__EXERCISE REQUIREMENTS__
Among the entries below, find the line with "#19Mayıs1919’da Samsun’a ulaşan" and the line with "Maľované čierne ponožky". Return exactly those lines and every line between them, but no pictures.

__INFORMATION GIVEN__

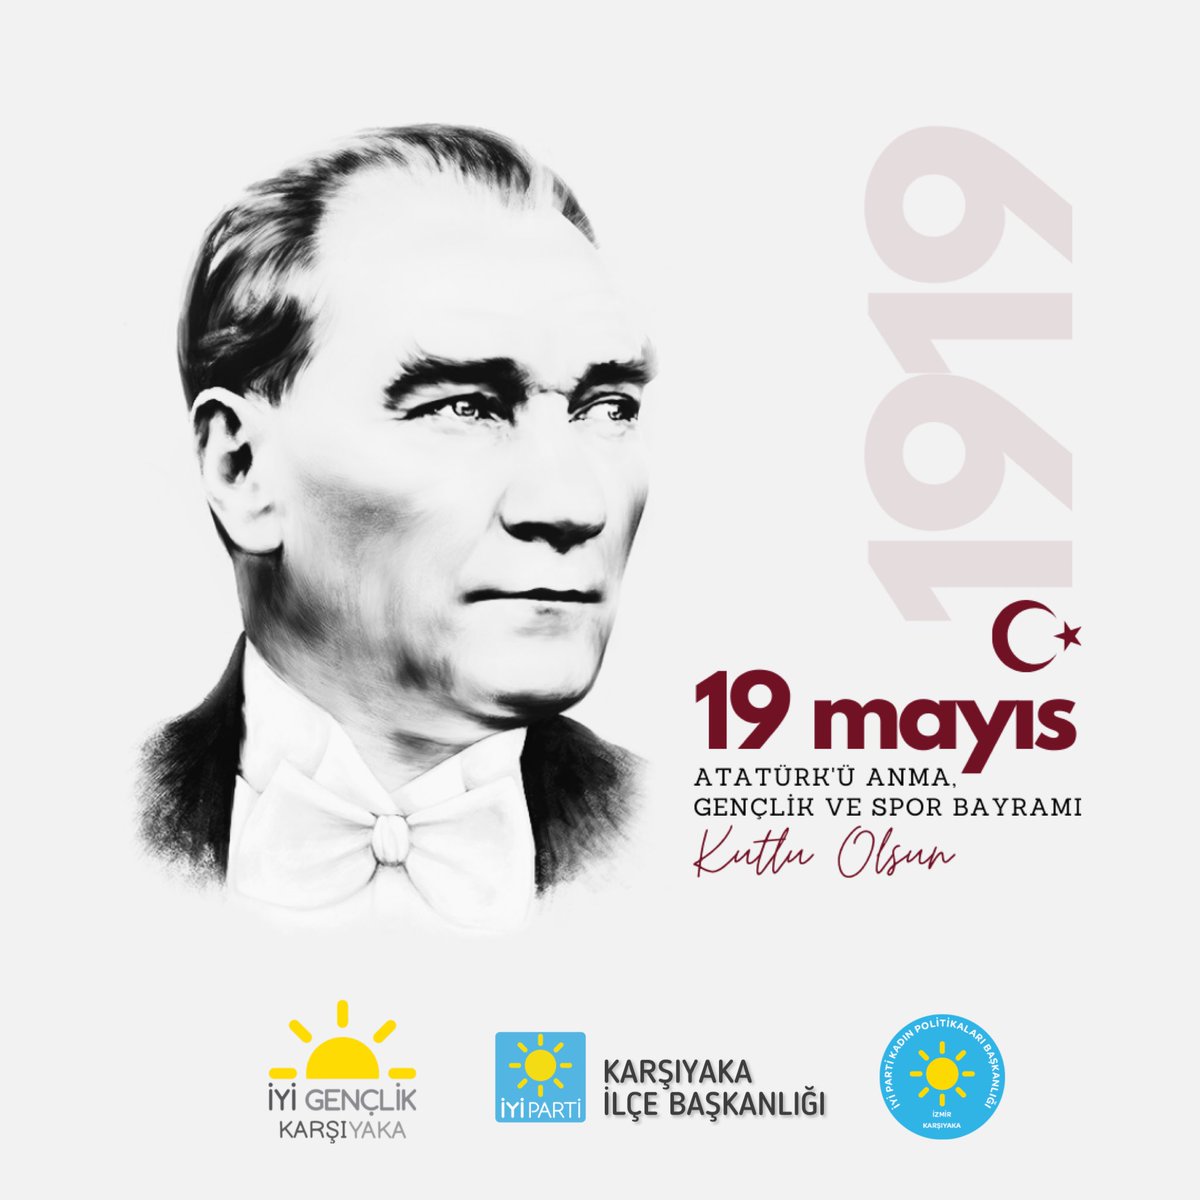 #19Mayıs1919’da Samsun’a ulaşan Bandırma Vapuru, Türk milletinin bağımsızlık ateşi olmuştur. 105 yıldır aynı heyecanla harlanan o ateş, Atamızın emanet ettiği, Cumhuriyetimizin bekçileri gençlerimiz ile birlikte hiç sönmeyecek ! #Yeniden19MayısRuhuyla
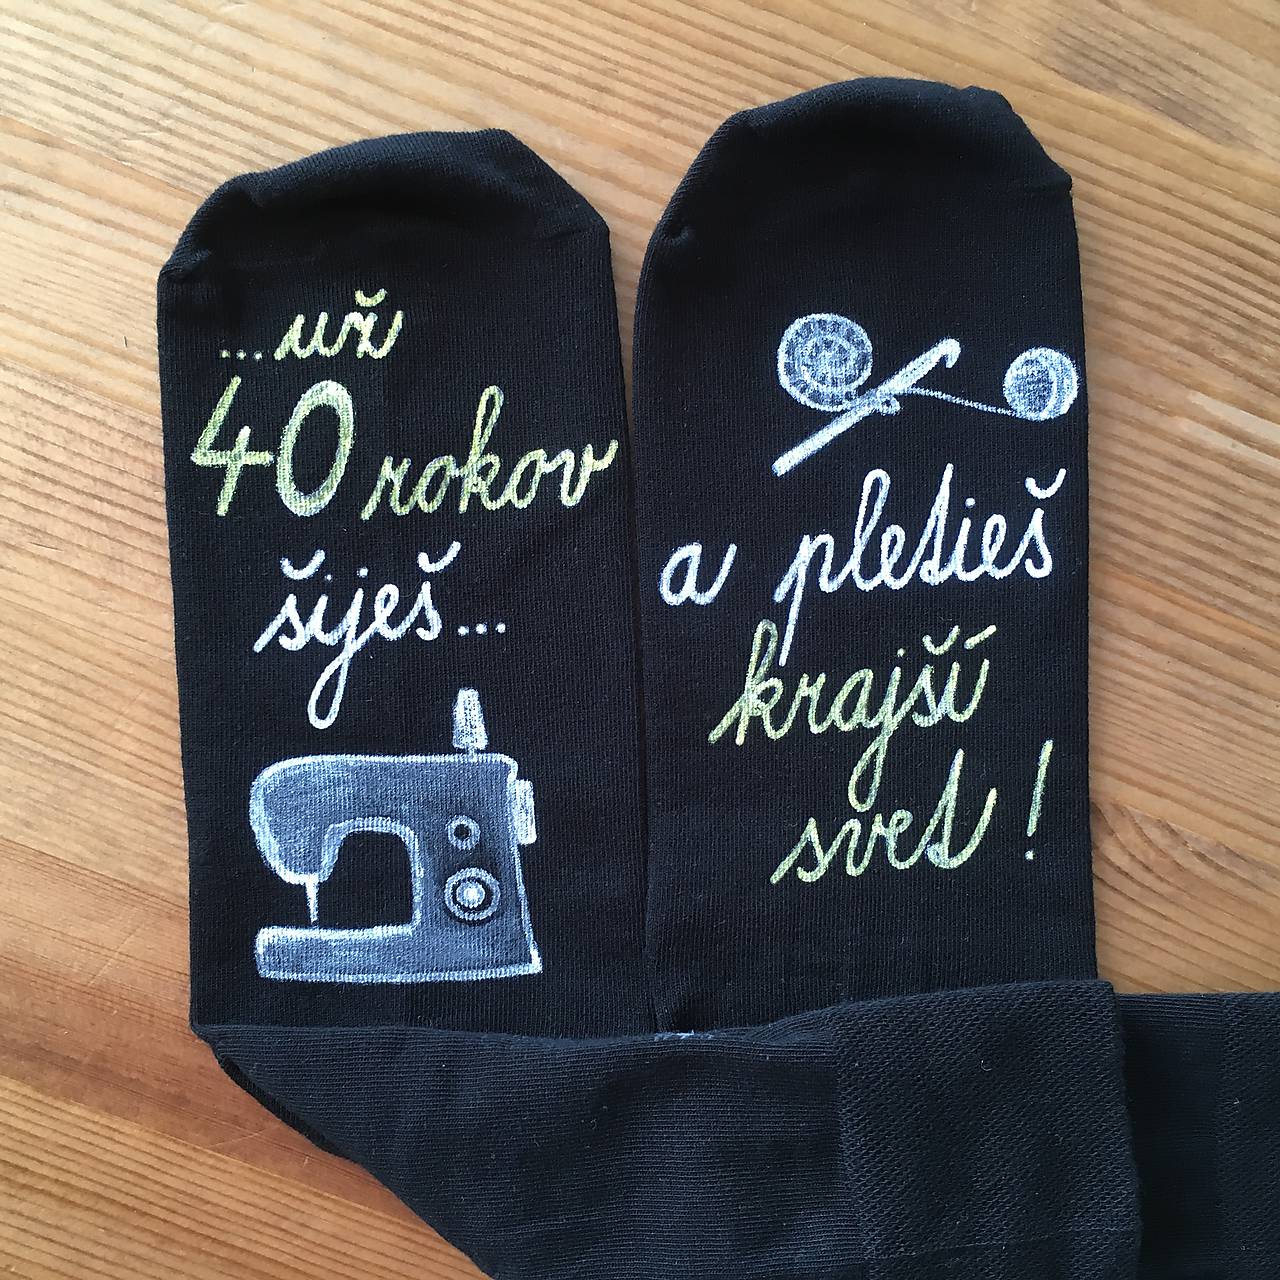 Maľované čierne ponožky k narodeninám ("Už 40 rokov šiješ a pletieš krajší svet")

---

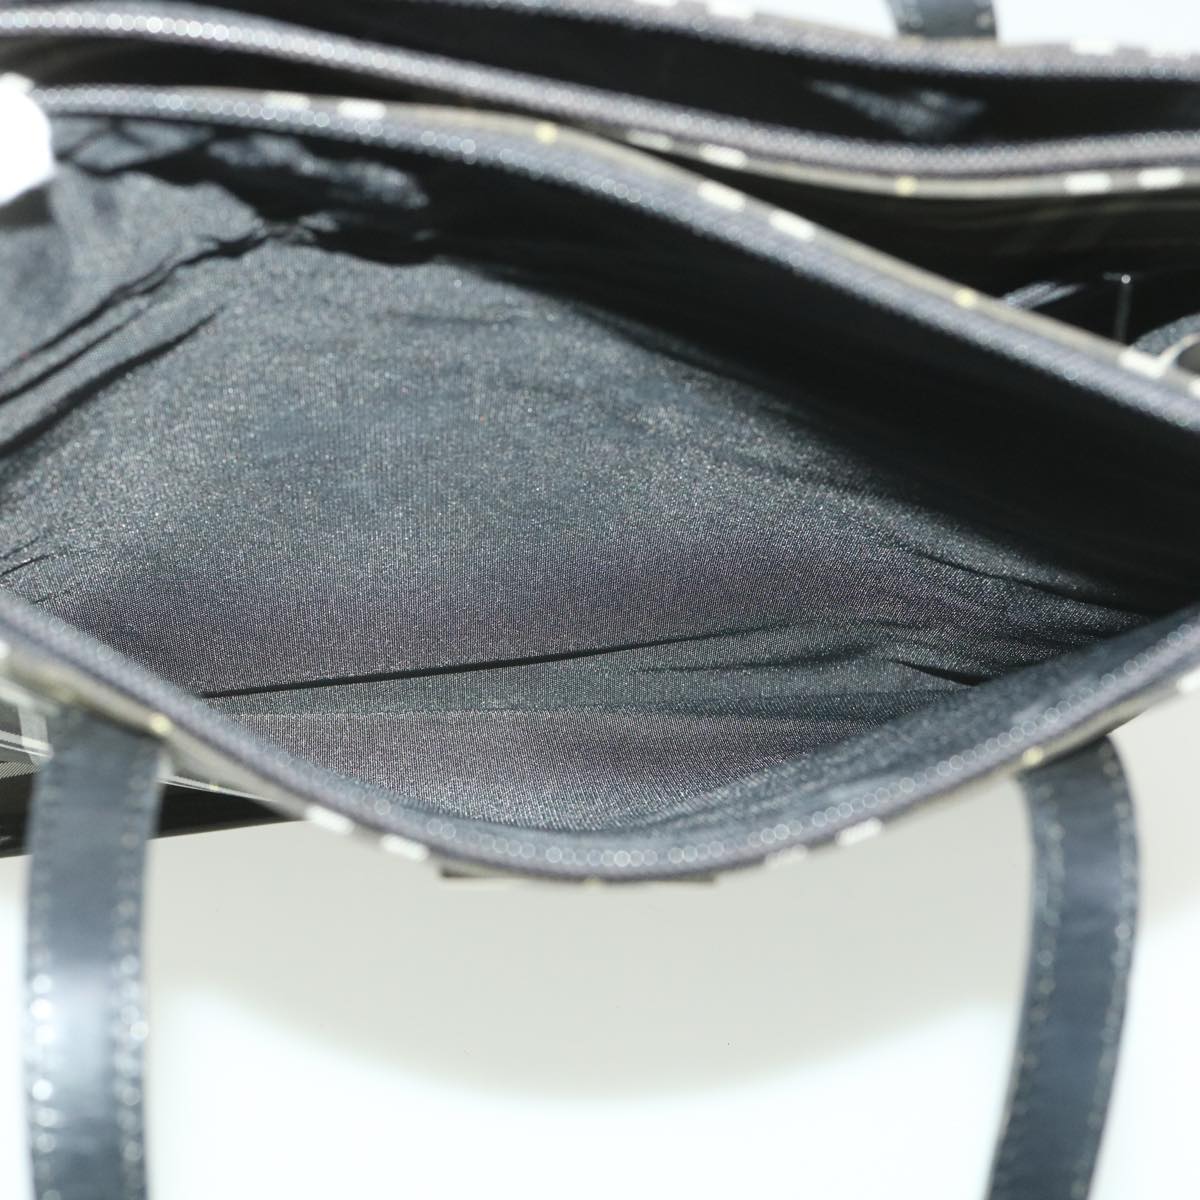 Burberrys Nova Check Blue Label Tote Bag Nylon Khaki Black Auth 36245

==

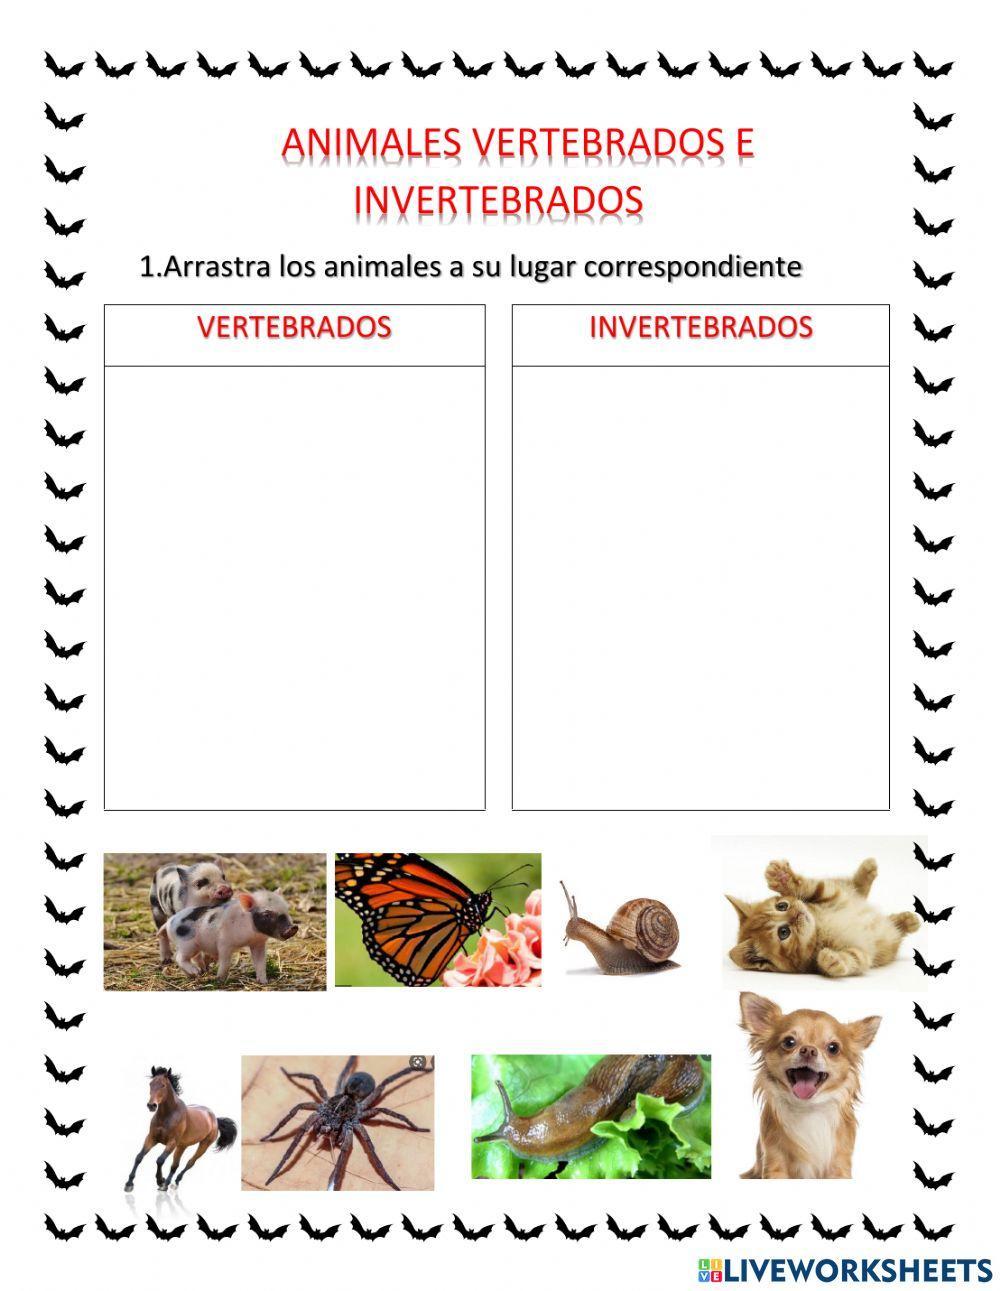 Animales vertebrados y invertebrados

__WRITTEN ANSWER__
 #19Mayıs1919’da Samsun’a ulaşan Bandırma Vapuru, Türk milletinin bağımsızlık ateşi olmuştur. 105 yıldır aynı heyecanla harlanan o ateş, Atamızın emanet ettiği, Cumhuriyetimizin bekçileri gençlerimiz ile birlikte hiç sönmeyecek ! #Yeniden19MayısRuhuyla
 Maľované čierne ponožky k narodeninám ("Už 40 rokov šiješ a pletieš krajší svet")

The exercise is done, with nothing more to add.